The archaeological site of Fafos is located in the suburban area of Mitrovica, within the industrial zone adjacent to the a phosphates production factory. This site underwent excavation between 1955 and 1961, covering a total area of approximately 1,200 square meters. The findings confirmed the presence of two separate Neolithic settlements associated with the Vinča culture, situated about 200 meters apart from each other. The earlier settlement, referred to as Fafos I, consisted of characteristic semi-subterranean huts used for shelter. In contrast, the later settlement, known as Fafos II, featured house-huts arranged in a row. Notably, archaeological research indicated that a significant portion of the huts in both settlements had been destroyed by an extensive fire. Artifacts discovered in these settlements included various everyday objects such as cult items, ritual vases, and anthropomorphic figurines.

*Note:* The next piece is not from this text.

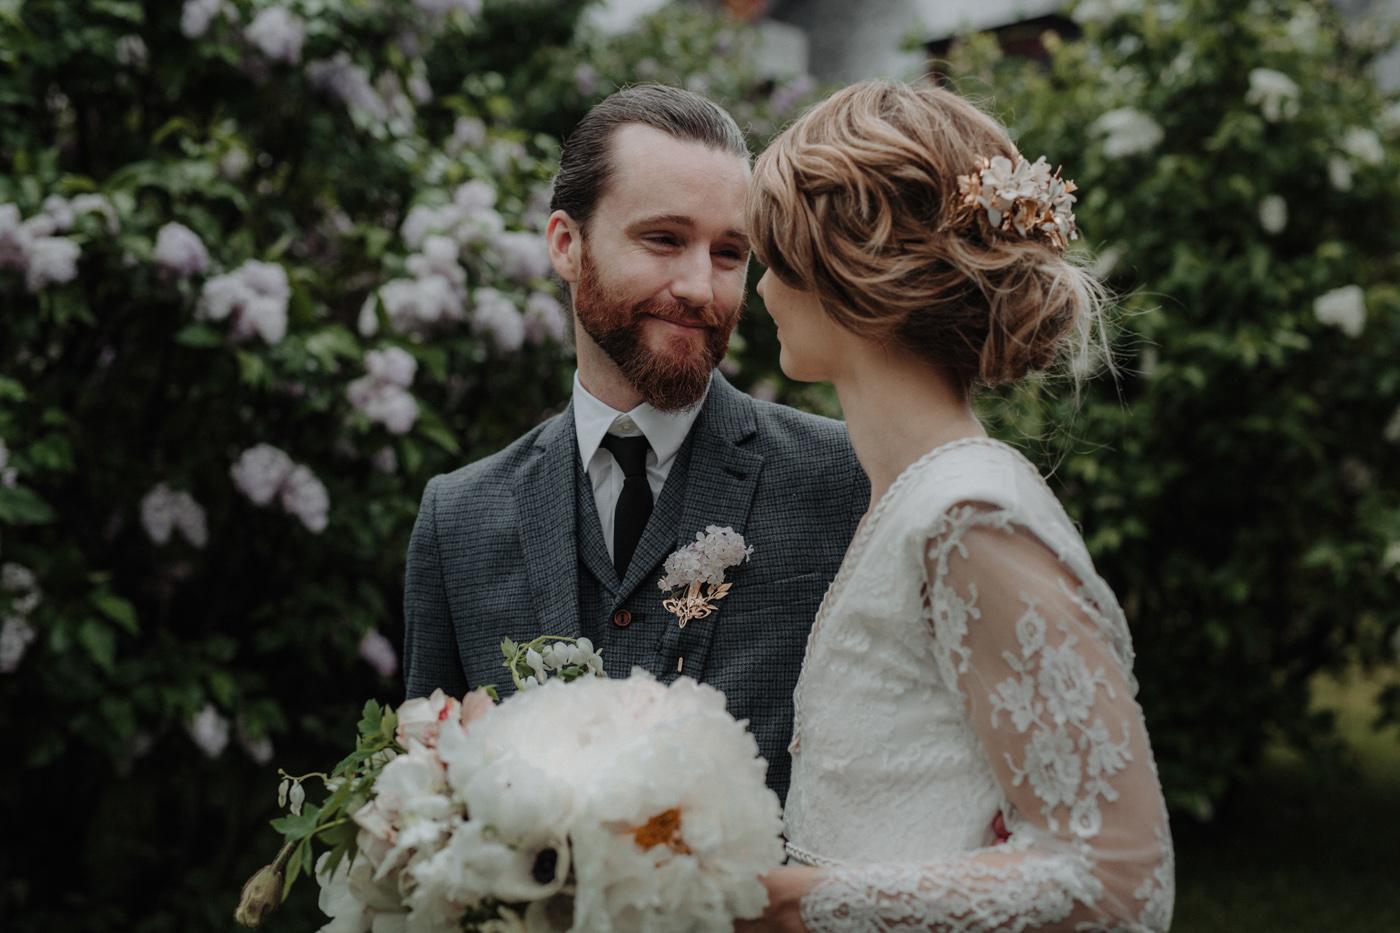 Erin-Mike-Intimate-Vintage-Wedding-Shelburne-Farms-Vermont -124.jpg

The Neolithic site of Zhitkoc, situated approximately 3 km north of Zveçan, is positioned on a plateau near the Zhitkoc train station. In 1958, a series of preliminary excavations were conducted near the banks of the Ibar River, revealing the remains of a typical Neolithic settlement that belonged to both the earlier Starčevo culture and the later Vinča culture.

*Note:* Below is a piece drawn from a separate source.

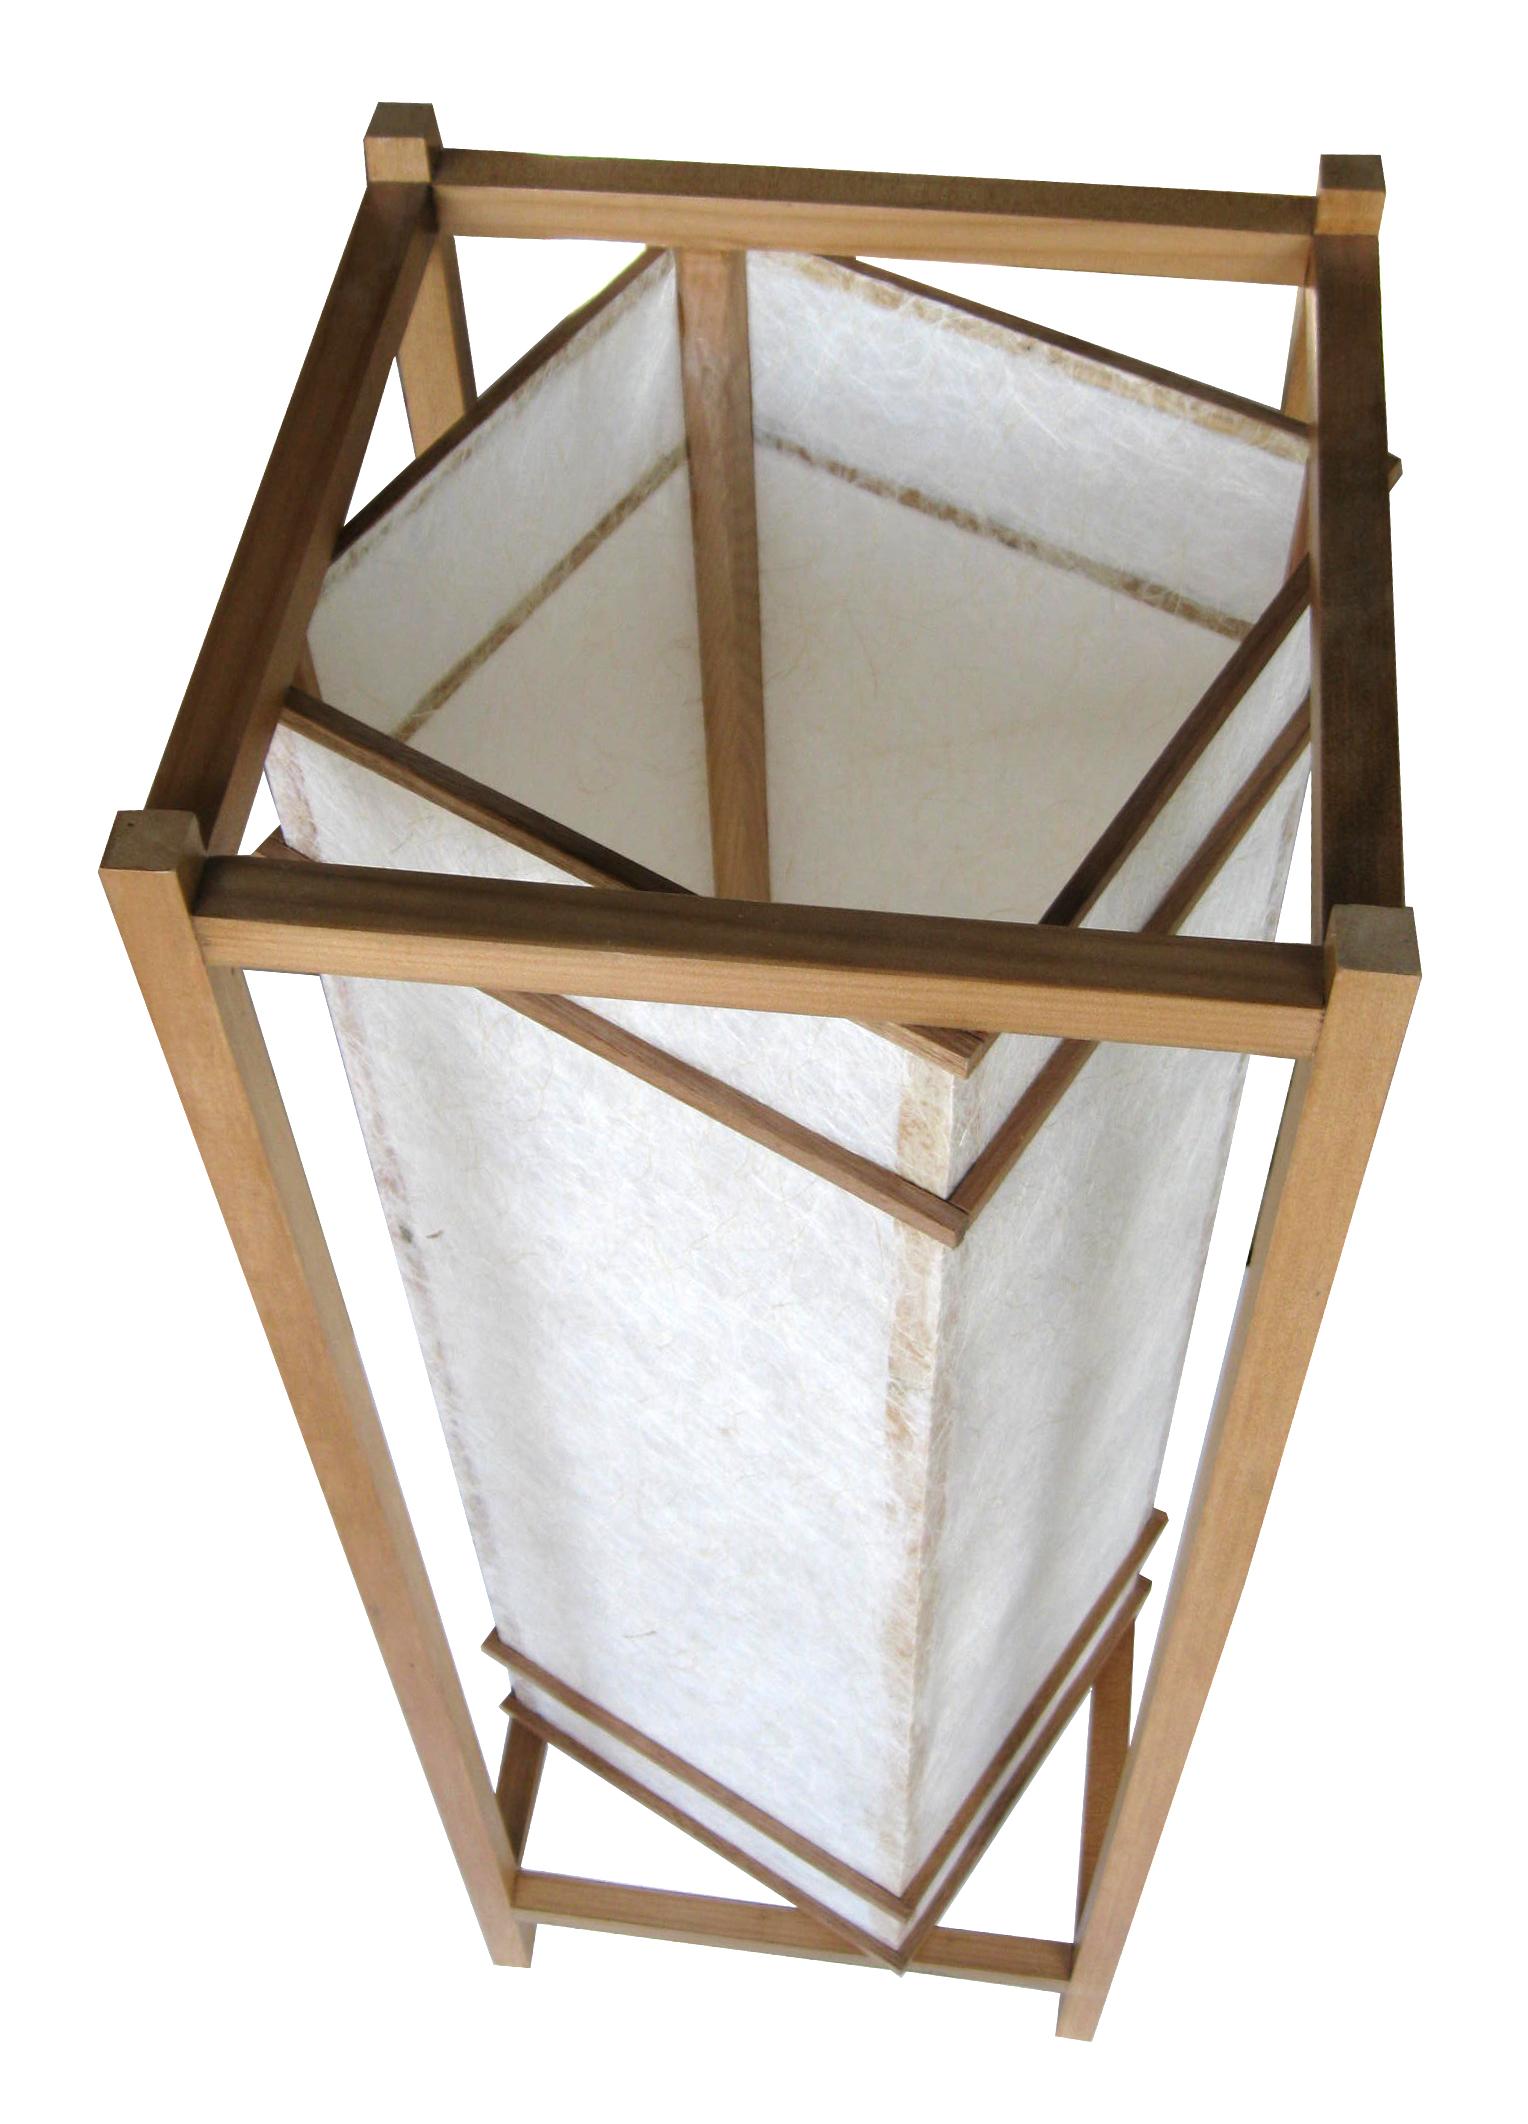 LampTwist Isometric Top.jpg

The adjacent archaeological site of Karagaç is found on a lower terrace along the riverbank and was investigated between 1955 and 1960. The archaeological findings indicated occupation during the middle Neolithic period. The settlement mainly consisted of semi-subterranean, elliptical huts, protected by ditches. Inside these dwellings, a significant amount of pottery associated with the Starcevo culture was uncovered. Furthermore, the settlement persisted into a later phase, with huts constructed from interwoven timber beams coated with earth/mud. Evidence from ceramic fragments and anthropomorphic figurines suggests that this settlement was also inhabited during the earlier stage of the Late Neolithic, specifically the Vinca culture. In addition to Neolithic artifacts, traces of a settlement and cemetery from the Bronze and Iron Ages were discovered in the same area, underscoring the continuity of human habitation from prehistoric times.

=== Middle Ages ===
While there is limited historical evidence regarding the early Middle Ages when the region was under Byzantine rule, the period between the 9th and 15th centuries witnessed a series of significant events that made the area a focal point for conflicts involving the Byzantine Empire, the Medieval Kingdom of Serbia, the Bulgarian Empire and Ottoman Empire, being ruled by each of them in different periods.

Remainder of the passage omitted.